Several events shaped my early life. None more so than going to a grammar school. One of the biggest social changes after the War was the possibility of kids from poor backgrounds taking the 11+ (an IQ test) and gaining admission (admittance is perhaps a better word) to a secondary school of this kind. My school was originally founded for the poor kids of Bermondsey but over the years had been hijacked by the middle class, who did the equivalent of “busing in” their kids. The school, St. Olave’s and St. Saviour’s, is over 400 years old. One early student was John Harvard, who went on to found a little educational establishment of his own in Massachusetts.

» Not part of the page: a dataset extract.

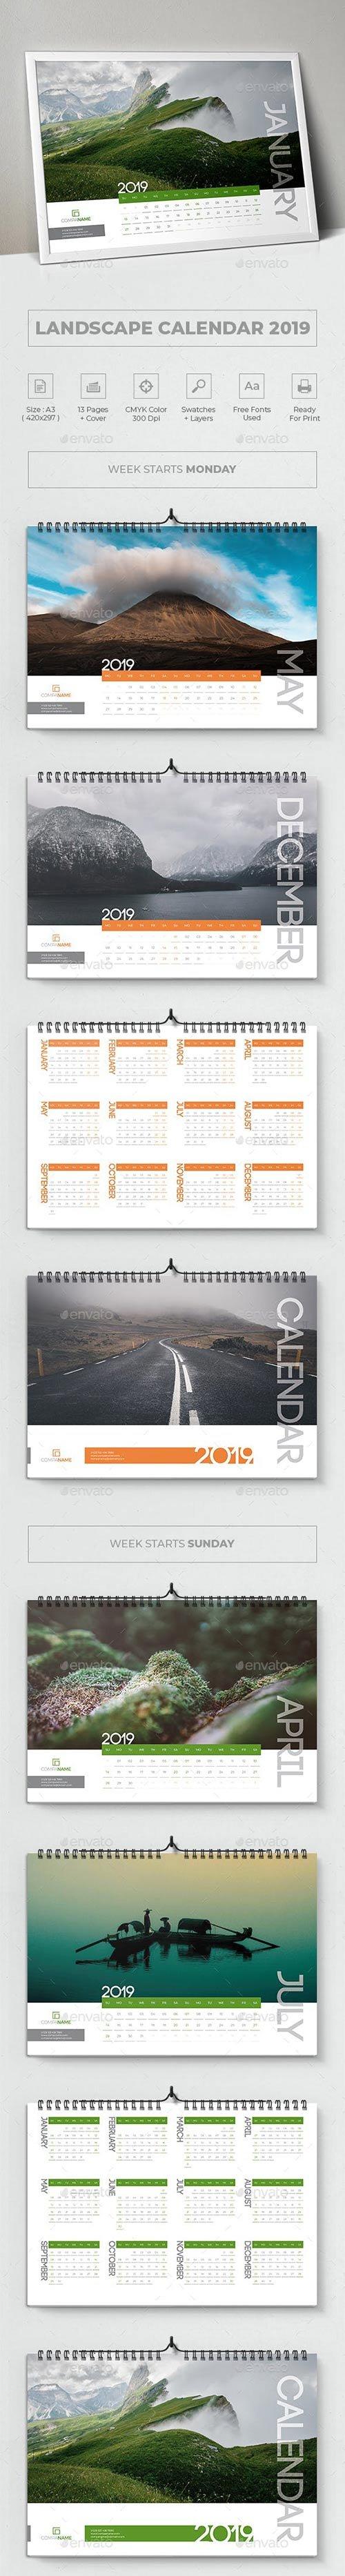 GraphicRiver - Landscape Calendar 2019 22783301
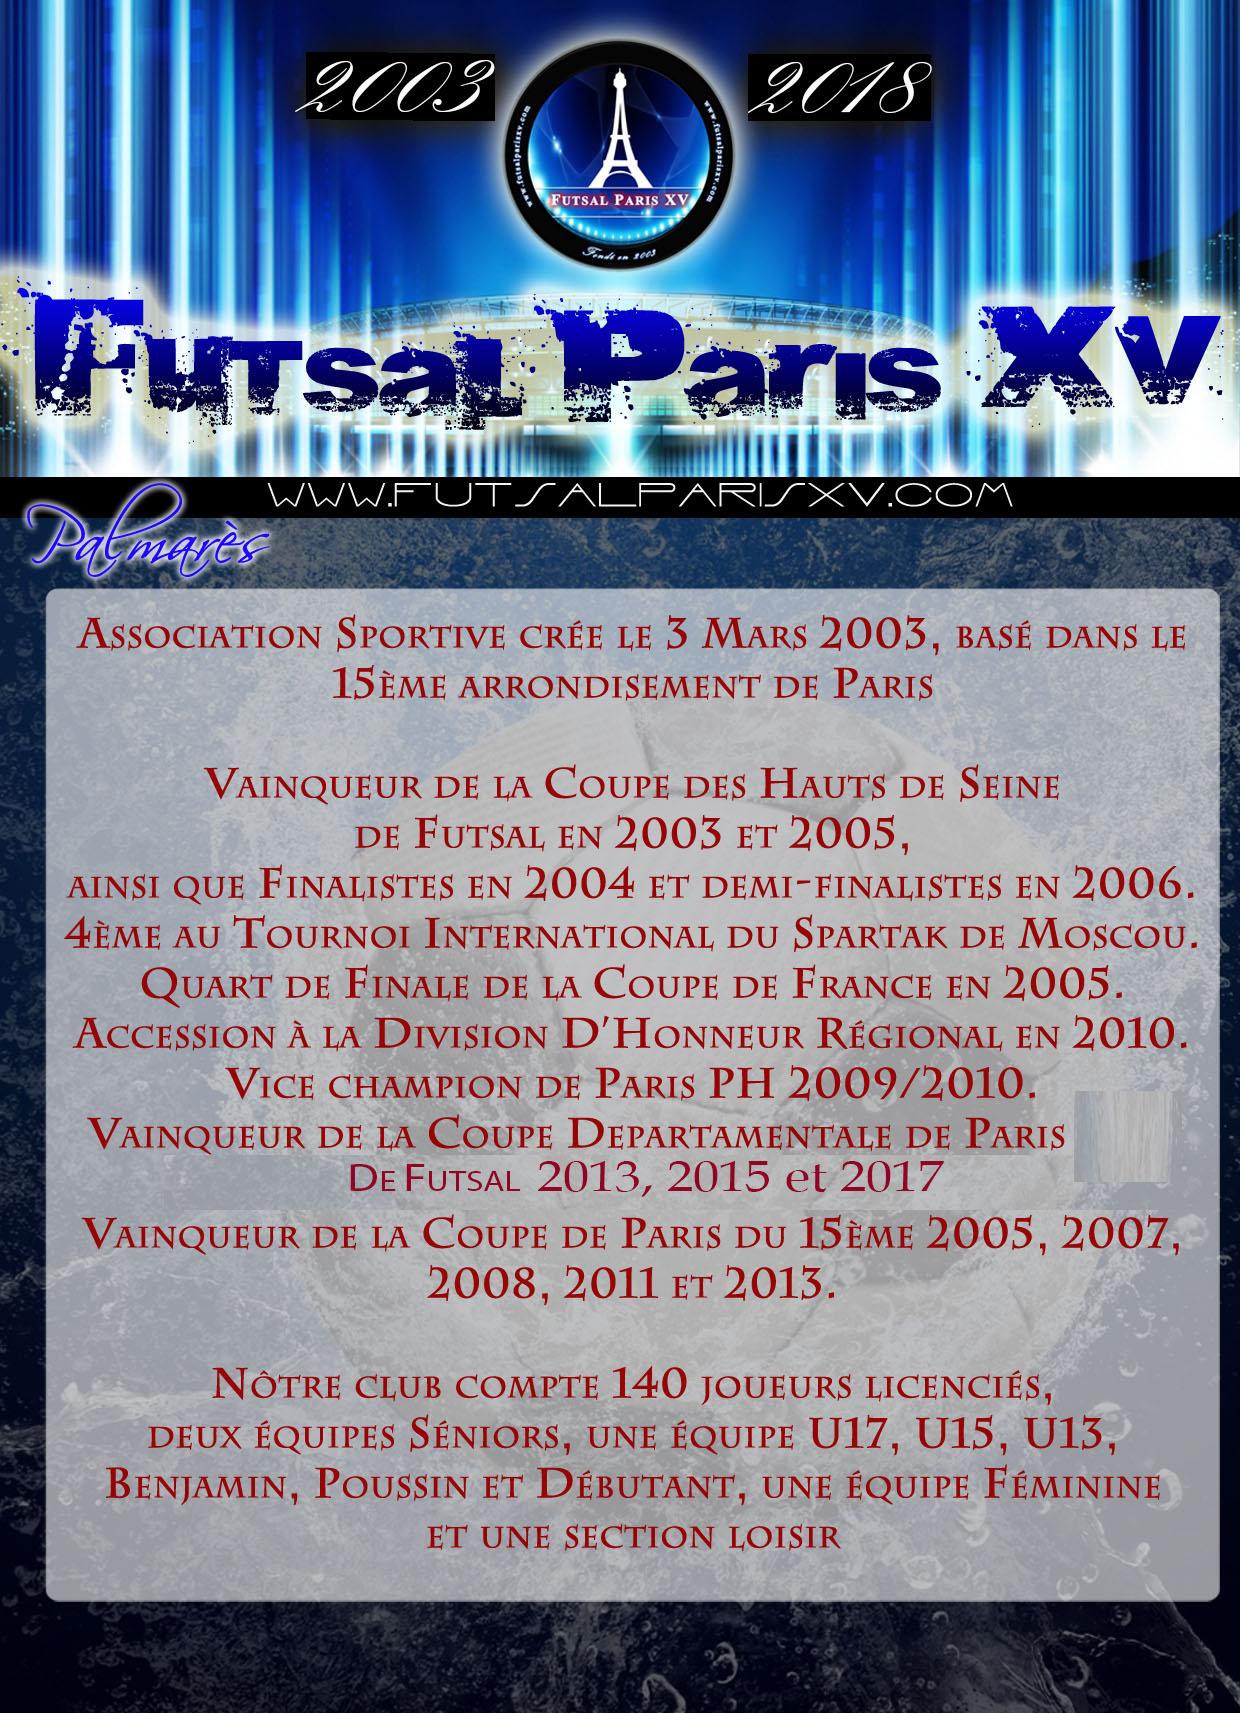 PALMARES FPXV.jpg

You can see a picture of St. Olave’s here. And an 1810 drawing of an earlier building that housed the school here. The older drawing gives you an idea of just how rural south London was in the early 19th century. It was inhabited by the Romans, who even built a bridge across the river, but most of the city grew on the northern side of the Thames. The school was named after the patron saint of Norway, King Olaf II, who fought alongside the Anglo-Saxon King Ethelred the Unready against the Danes in the Battle of London Bridge in 1014.

In England you move from primary to secondary school at around the age of 11. The photo is of my first-year class (late 1961 or early 1962). I’m the one fourth from the right in the front row. For the first few years, I found the experience traumatic.

I was a shy, working-class boy. Perhaps 10% of the school’s intake consisted of people from a similar background. We were looked down upon by the headmaster, who was a first-class tyrant. Beating was still allowed (with canes or “chillilos”). Obviously not enamored of the grammar-school system, which heralded a real sea change in British society, he regarded us local boys as louts and hooligans. He referred to us as “barrow boys,” a term used to describe cockney types who sold (and still sell) fruits and vegetables in the street. The closest translation I can think of is “chinamero.”

That’s why I chose the name for the blog. Going to that school was the defining moment of my early life and everything that came later flowed from it.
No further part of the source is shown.